I've included a couple more pics nicked off the net since they're worlds better than what I have to offer from my little Nikon.  The second one should look familiar because it's the rooftop terrace of the house where I took Annie and Claire's picture seen above.  The first shot is of the front facade.  It was quite the unique structure and it makes you wonder about the mind of Mr.

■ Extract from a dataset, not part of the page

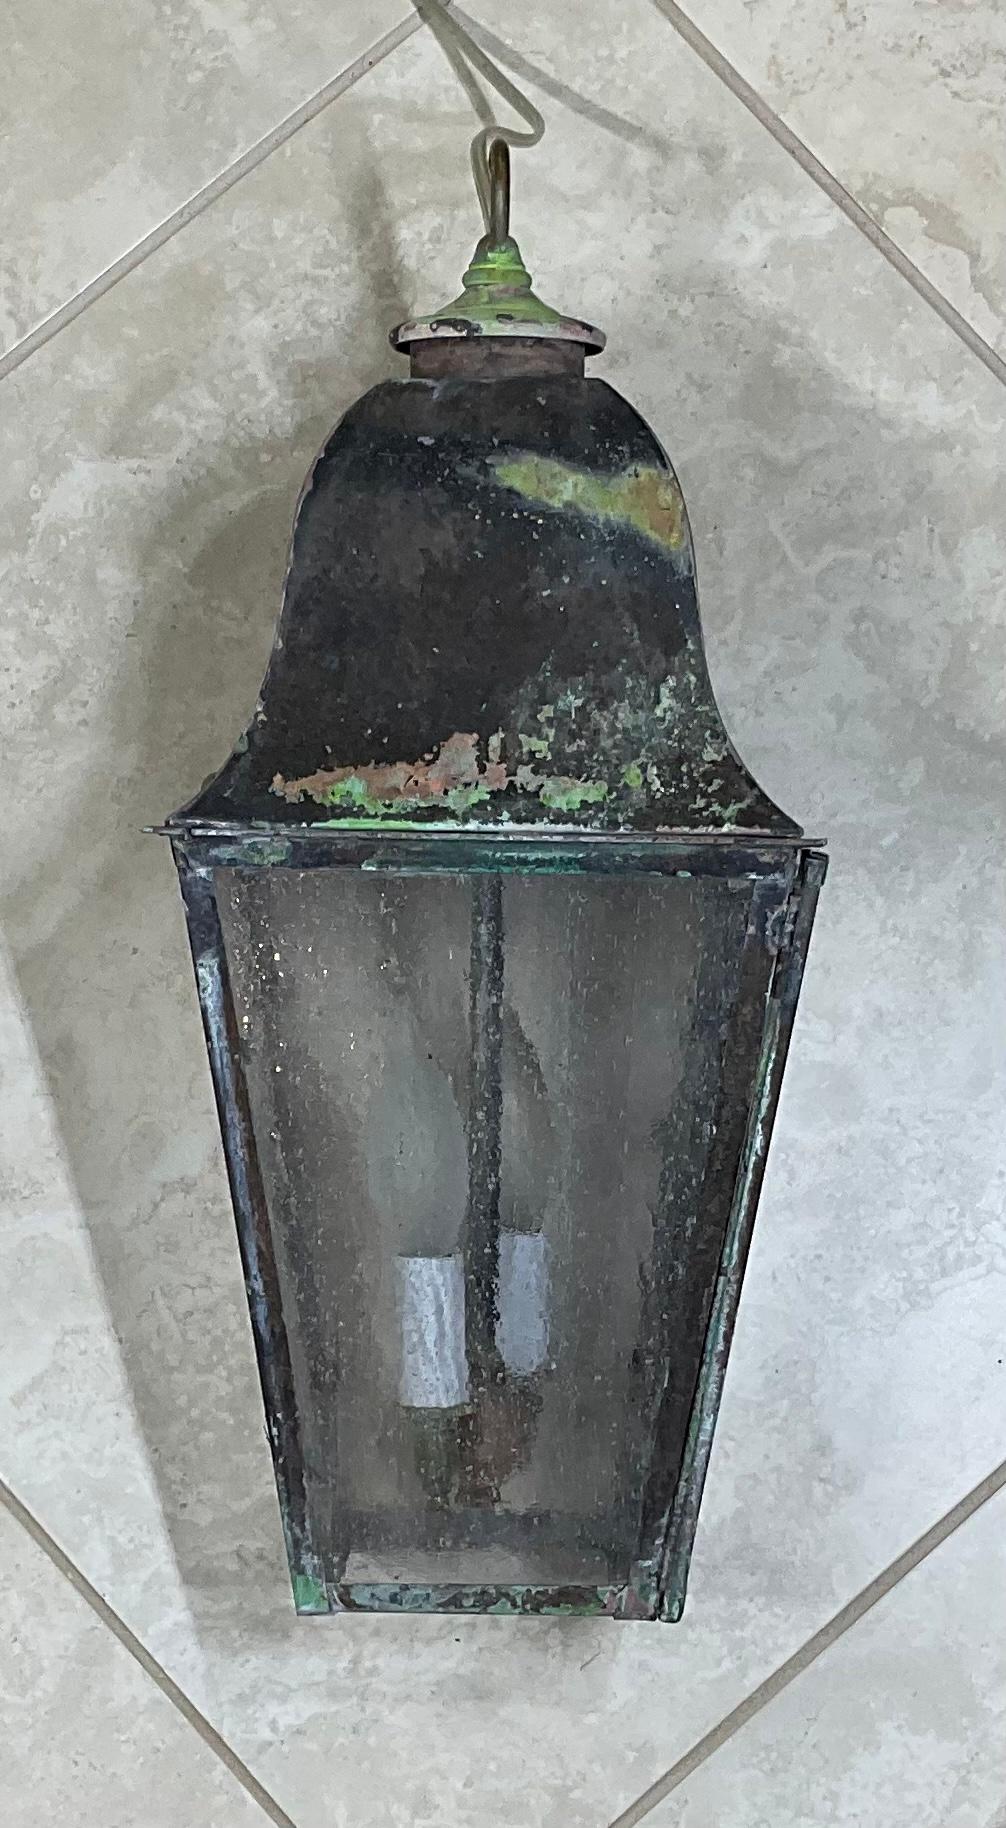 Elegant hanging lantern made of solid brass, with two 60 watt lights, suitable for wet locations ready to use, some oxidised patina ,and seeded glass.
Newly rewired and ready to use.
 

Gaudi.

Based on the pic below, you would have thought we were in Italy.  Virtually every block in Barcelona had a gelato shop.  Some of it was excellent, while some of it was only fit for the nearest garbage can.  Annie is showing us how the ladies fashioned her chocolate gelato into a flower.  Presh!

Barcelona is famous for La Rambla, a street leading from Placa Catalunya to the Med with a pedestrian mall running down the center.  Our guidebooks warned us that it was pickpocket central, so we were all sporting Vera B crossbody purses.  I just love the VB pattern in the pic below because it goes with everything.  Imagine that - another pic of me where I'm totally unawares, though at least I'm not looking like a total freak.

At the top of La Rambla is a public drinking fountain.  It seems Barcelona has their own little myth a la the Trevi Fountain in Rome.  The story goes that if you drink from this fountain, then you will one day return to Barcelona.  Heaven forbid that we go thumbing our noses at the travel gods by not taking a sip, so the girls partook of the water.  Which, by the way, tasted really icky according to their well-developed teenage palates.  And did you see the VB hipster Annie is wearing in yet another cool pattern?  I so need to contact their PR folks and get on the payroll for my efforts to expose the whole European continent to their line of goods.

About halfway down La Rambla, you hit La Boqueria.  This is a large public market that originated several centuries ago.  Here is my eldest, looking all gangsta or maybe mafiaesque in her hat and shades.  I admit it - I'm just jealous because she can wear leggings and look cute while my thighs would resemble overstuffed sausage casings.  I have a firm belief that if you need to purchase leggings in any size involving double digits, then you should probably just stick with jeans.

But I digress.  The now-permanent stalls of La Boqueria were filled with vendors hawking fruits, veggies, cheeses, olives, meats, spices and freshly prepared meals.  It was a great place to grab a quick bite to eat as long as you didn't mind consuming it on your feet.  They had a zillion different fresh fruit juice concoctions that looked like a rainbow all lined up in ice.  

The most impressive thing I saw in Barcelona was Gaudi's magnum opus, the Sagrada Familia.  It has been under construction since before Gaudi died in 1926.  Churches are kinda like bellybuttons - every city, town, hamlet or wide spot in the road has one.  However, this church was quite distinctive, particularly the interior.  All of the columns were leaning and it reminded me of a cave.

We enjoyed our time in Barcelona, eating tapas and doing a bit of shoe shopping along the way.  It can't always be about historically significant things, especially when it's a group of ladies without their menfolk.  My significant other would have had a fit when we spent a good chunk of time nosing through that scarf store.  Or the cool leather place with purses and these darling ballerina flats in every color of the rainbow.  That was all they sold - handmade Spanish leather flats.  He would have needed a straight jacket when we hit that third shoe store, or was it a fourth one, admiring the rows and rows of strappy sandals and chunky wedges.

The girls seemed to really enjoy themselves.  I ran across the following pics when I was looking for some to include in this blogpost.

What's with the foot/shoe pics?  My daughter takes pics of her feet while she captures shots of my funky ears or wide load butt for posterity?  

Yes, folks that would be cava (sparkling wine produced in northern Spain), which is totally legal for 16-yr-olds to sip in Europe.  So Menja be, caga fort i no gintuis por a la mort!  This is a traditional Catalan toast that loosely translates into English as eat well, poop strongly and do not be afraid of death.  How about we just stick with Cheers to our fabulous stay in Barcelona.